En su periodo de canciller Michel Temer lo acompañó en algunos
viajes internacionales. La experiencia le sirvió para confirmar que,
con excepción de Mauricio Macri, ningún otro mandatario dio al
presidente brasileño la legitimidad tan aspirada.
¡Ah!, sí, claro: de paso, quitó casi totalmente la relevancia de
Brasil en el BRICS, el grupo integrado por países que no supo
identificar al asumir la cancillería. Fue necesario que el reportero le
aclarase que se trataba de Brasil, Rusia, India, China y Sudáfrica.
En todo caso, con su renuncia, Serra le hizo a Temer un favor
especial. Involucrado en denuncias de haber sido beneficiado con dinero
de la corrupción, al abandonar el gobierno cambia el foco de las
investigaciones: ya no se trata de otro ministro más acusado de
corrupción, sino de un senador más, entre tantos.
No se sabe quién será el indicado por el presidente para sucederlo.
En la cancillería existe la firme expectativa de que, luego de tantos
desastres creados por la voluntariosa e incontenible torpeza del que
sale, se nombre a un diplomático de carrera.

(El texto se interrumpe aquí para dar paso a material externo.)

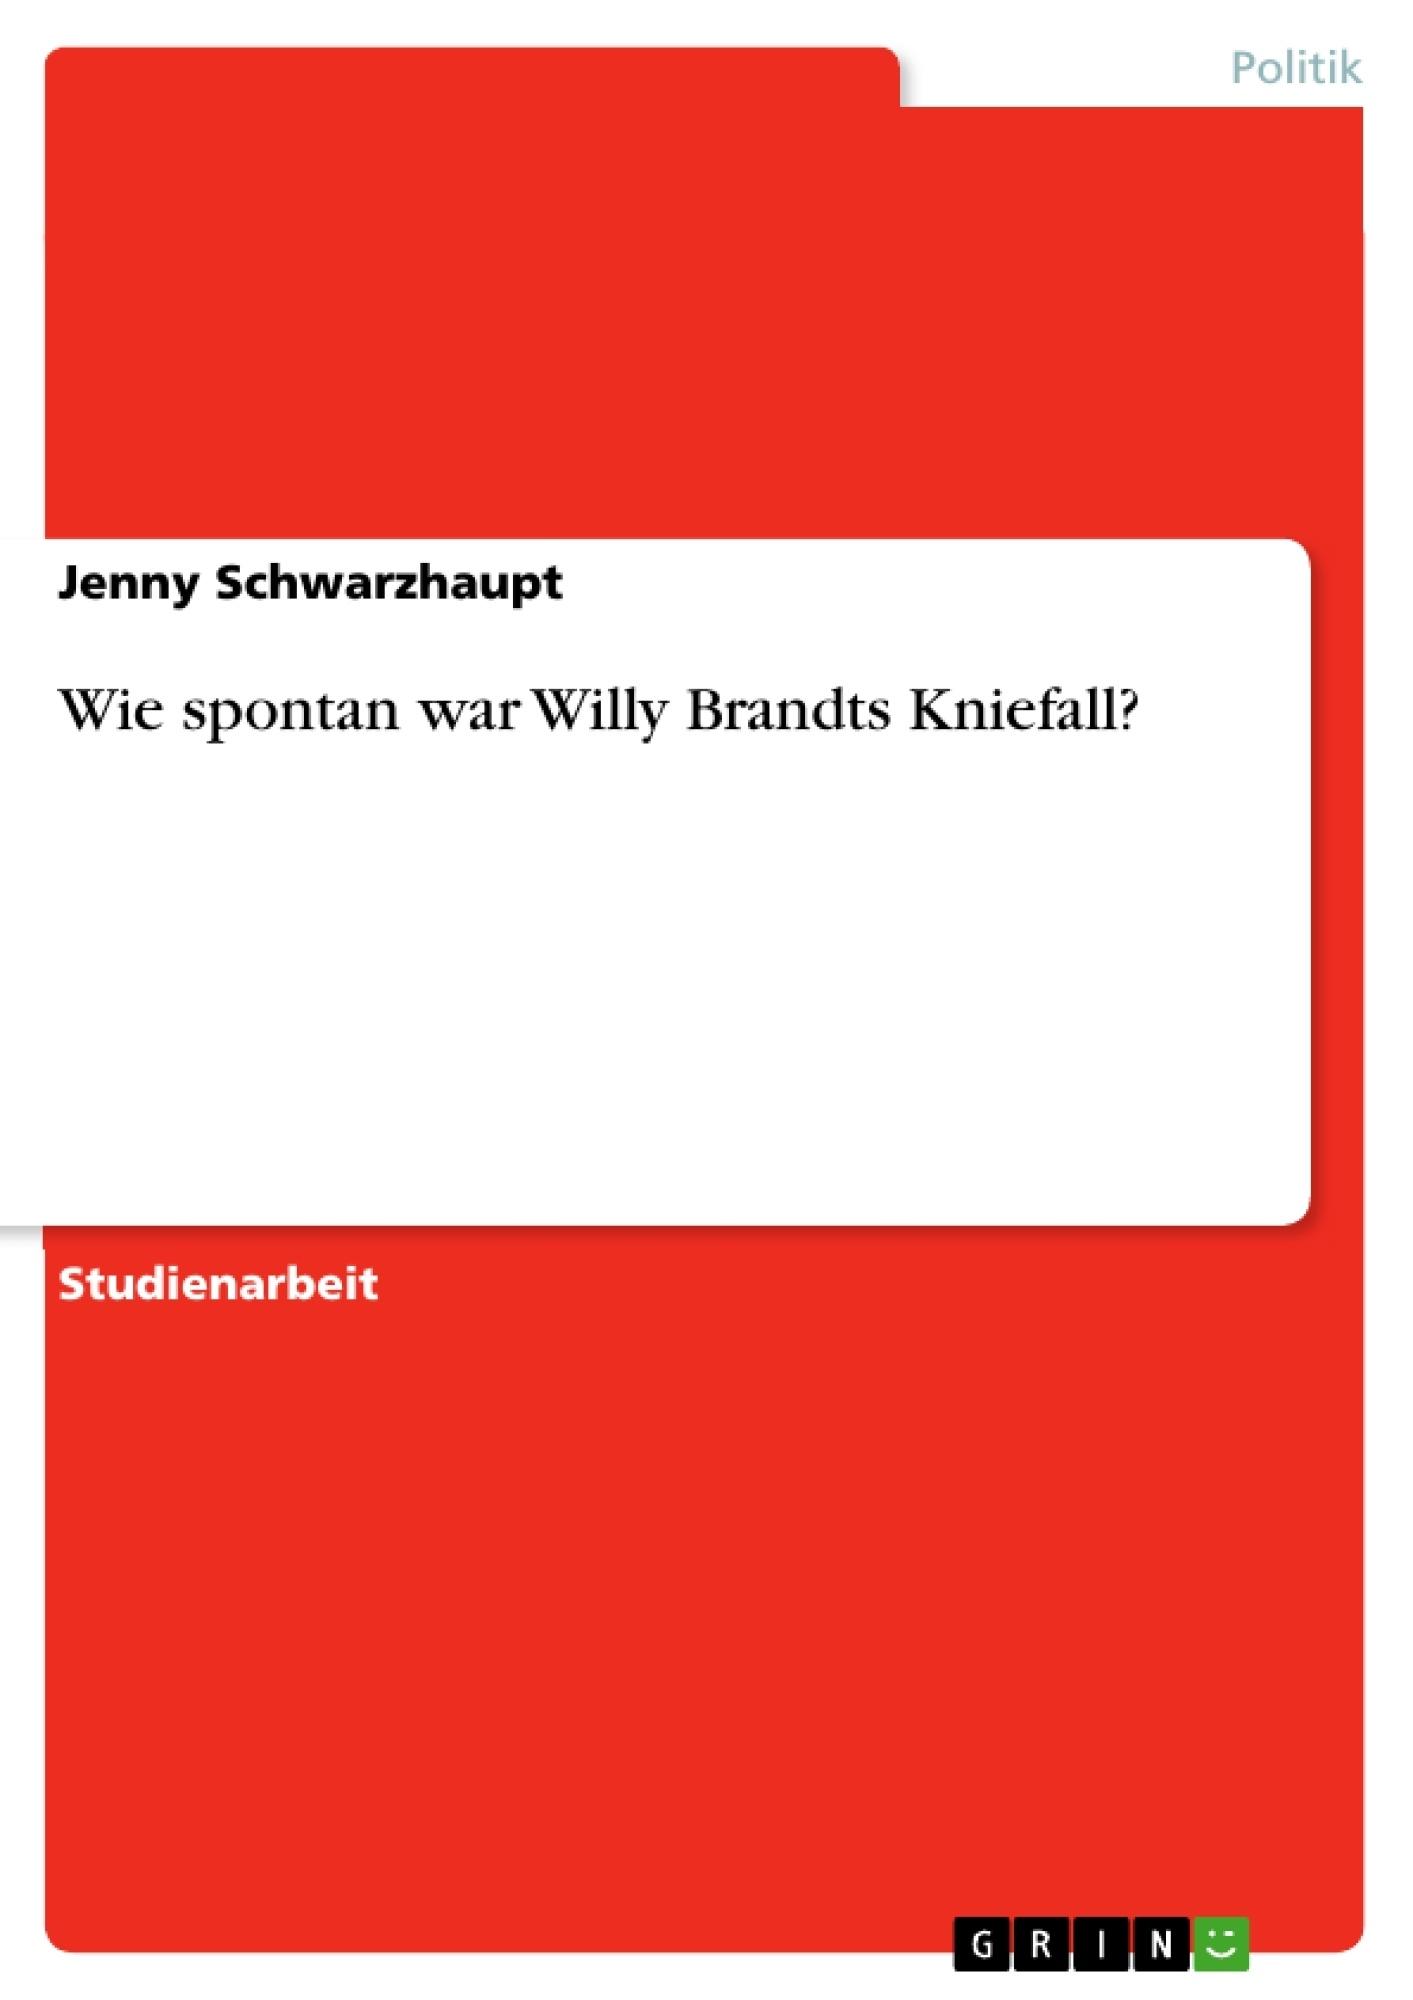 Titel: Wie spontan war Willy Brandts Kniefall?

Tratándose de Michel Temer, sin embargo, lo único seguro es que nada
es seguro: podrá tranquilamente subastar la cartera de relaciones
exteriores a cambio de las interiores de su gobierno con el Congreso, el
de peor nivel político, moral y ético desde la retomada de la tenue
democracia en Brasil.
A propósito del gobierno de Temer, esta semana se conoció el sucesor
del truculento Alexandre de Moraes en el Ministerio de Justicia: el
diputado Omar Serraglio, de expresión casi nula en la Cámara, pero que
trae en su exiguo currículo haber sido un esforzadísimo defensor de
Eduardo Cunha.
El flamante ministro de Justicia –¡de Justicia!– luchó bravamente
hasta el final para que sus pares no expulsasen a Cunha de su escaño.
Hay que reconocer que hizo lo que pudo para impedir que su líder fuese a
parar en donde está: una celda en Curitiba, capital de Paraná, el mismo
estado de donde salió alguna vez el obscuro Serraglio para ocupar un
ministerio en un gobierno nacido de un golpe que contó con su discreta
(por insignificante) colaboración.
De una cosa nadie podrá acusar a Temer: ser imprevisible.
Nada más fácil de p
rever que, entre las peores alternativas, elegirá siempre la más mala.